Prep Time:  10 minutes

Cook Time: 8 minutes

Servings: 6 servings (I had to double this for my family, but will probably triple or quadruple it in the future so there will be plenty, with leftovers for lunches)

Ingredients

For the Chicken:

2 lbs boneless, skinless chicken breast cut into 1 inch pieces

2 tbsp corn starch

1 tsp salt

2 tbsp vegetable oil (or canola) (I used olive oil)

4 cloves garlic pressed

2 tsp fresh ginger grated

For the Sauce:

1/3 cup light brown sugar

1/4 cup orange juice

2 tbsp sriracha (I substituted an equal amount of Thai sweet chili sauce (Trader Joe's) to minimize heat)

2 tbsp rice wine vinegar

1/2 tsp crushed red pepper (I omitted this, but let those who wished add some to their plate)

1/4 cup green onions sliced

Instructions

Make the sauce by whisking together the brown sugar, orange juice, sriracha (or sweet chili sauce), rice wine vinegar, and crushed red pepper (if you're using it).

Season the chicken with salt, then toss it with the cornstarch until evenly coated.

Heat the oil in a large skillet over medium high heat. Once the oil is hot, place the chicken in the skillet and let it cook for 2 minutes, then flip it and let it cook for 2 additional minutes.

Stir in the garlic and ginger then add the sauce mixture and reduce the heat to low. Let the sauce simmer for 3-4 minutes or until it reduces and becomes thick. 

Stir in the green onions and remove from heat.  Garnish with fresh green onions and additional red pepper flakes and sriracha as desired and serve hot with rice (we used brown).

Notes

Substitutions:

  • Chicken breast – You can substitute chicken thighs or tenderloins per your preference
  • Spiciness:  As mentioned above, to minimize the heat, you can substitute Thai sweet chili sauce for the sriracha, and you can omit the red chili flakes
  • How to Store: To save leftovers, separate into meal sized portions and then place in an airtight container and store:
    • in the refrigerator for 3-4 days
    • in the freezer up to a month

How to Freeze: This meal can be prepared as a freezer meal and will keep for up to 6 months in the freezer.

  • Prepare and cook chicken as directed.
  • Mix ingredients for sauce and store in a freezer bag or freezer friendly container.
  • Store chicken in a separate container.
  • Freeze.
  • Once ready to eat, reheat chicken in a hot skillet and then add sauce and reduce as directed.

How to Reheat: This can be reheated in the microwave in 30 second increments, or cover with tin foil and place into the oven to reheat.

Saturday, July 5, 2025

Chicken Salad

This is great on croissants, toasted (or not) bread, or with crackers.  It's definitely better after the flavors have had a few hours to combine, so make it ahead if possible.  I got the original recipe here.

Yield: 8 servings        Prep Time: 30minutes        Total Time: 30minutes 

Ingredients

Chicken Salad:

4 cups cooked, shredded (or small chopped) chicken (see note)

1 cup small diced celery (I usually just use a full bunch)

1 cup red grapes, halved or quartered

½ cup chopped slivered almonds or cashews (I usually omit these)

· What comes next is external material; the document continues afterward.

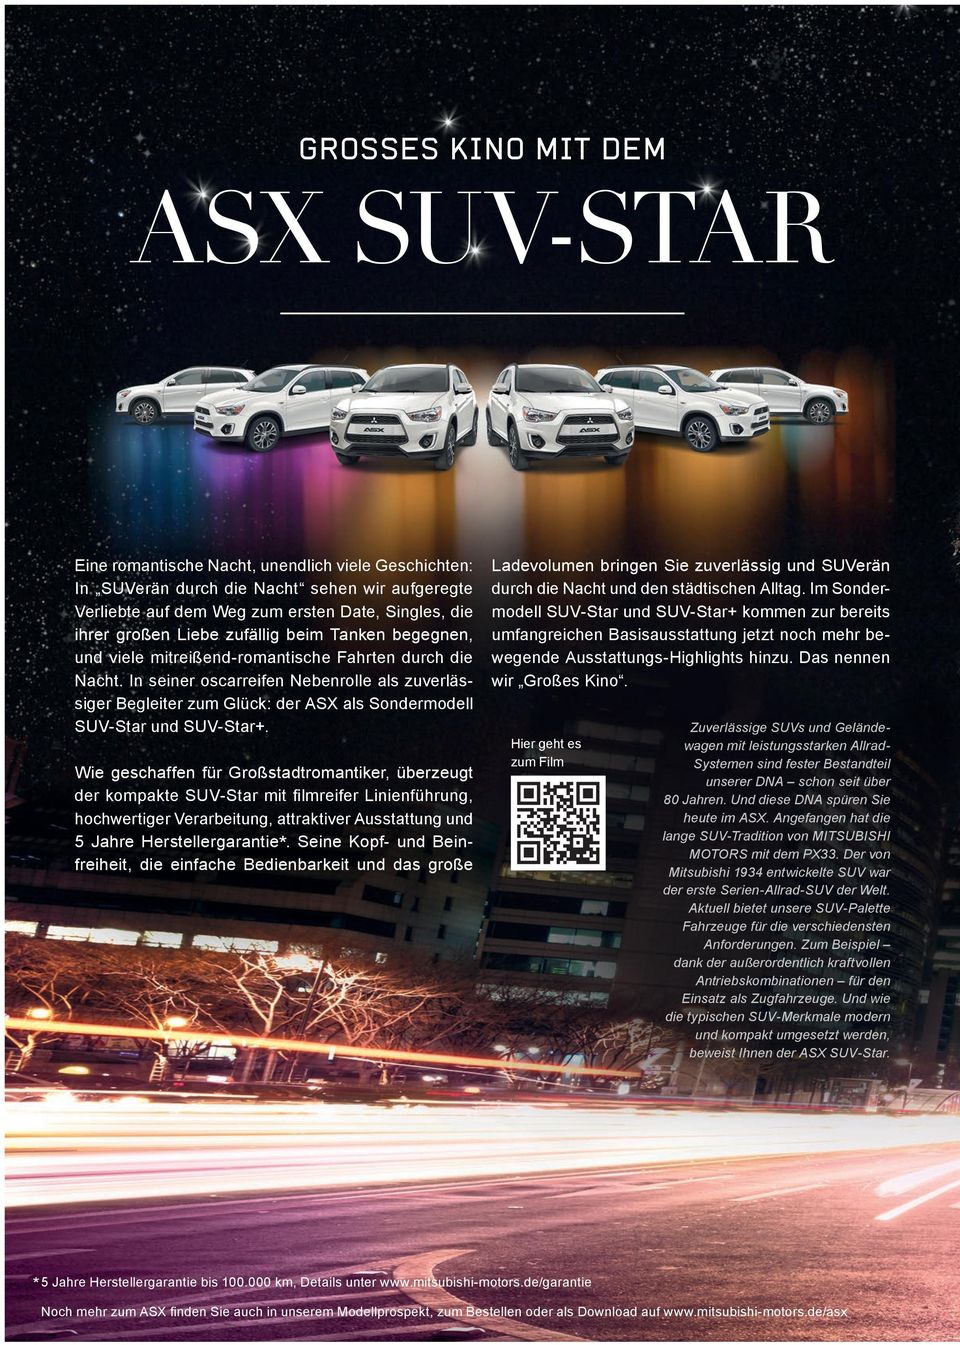 In seiner oscarreifen Nebenrolle als zuverlässiger Begleiter zum Glück: der ASX als Sondermodell SUV-Star und SUV-Star+.

2-3 tablespoons finely diced green onions or chives

2 tablespoons chopped fresh parsley (I never put this in)


Dressing:

1 cup mayonnaise (I like to use the Primal Kitchens avocado oil mayo)

2 tablespoons sour cream

1 tablespoon freshly squeezed lemon juice or red wine vinegar

1 tablespoon dijon mustard

½ teaspoon coarse, kosher salt (use a bit less for table salt)

⅛ teaspoon black pepper, I use coarsely ground

⅛ teaspoon dried dill (I'm not a dill fan, so don't use this)

⅛ teaspoon garlic powder

⅛ teaspoon onion powder

Salt and pepper, to taste

Instructions 

Combine all of the salad ingredients in a large bowl.

Whisk together all of the dressing ingredients until smooth.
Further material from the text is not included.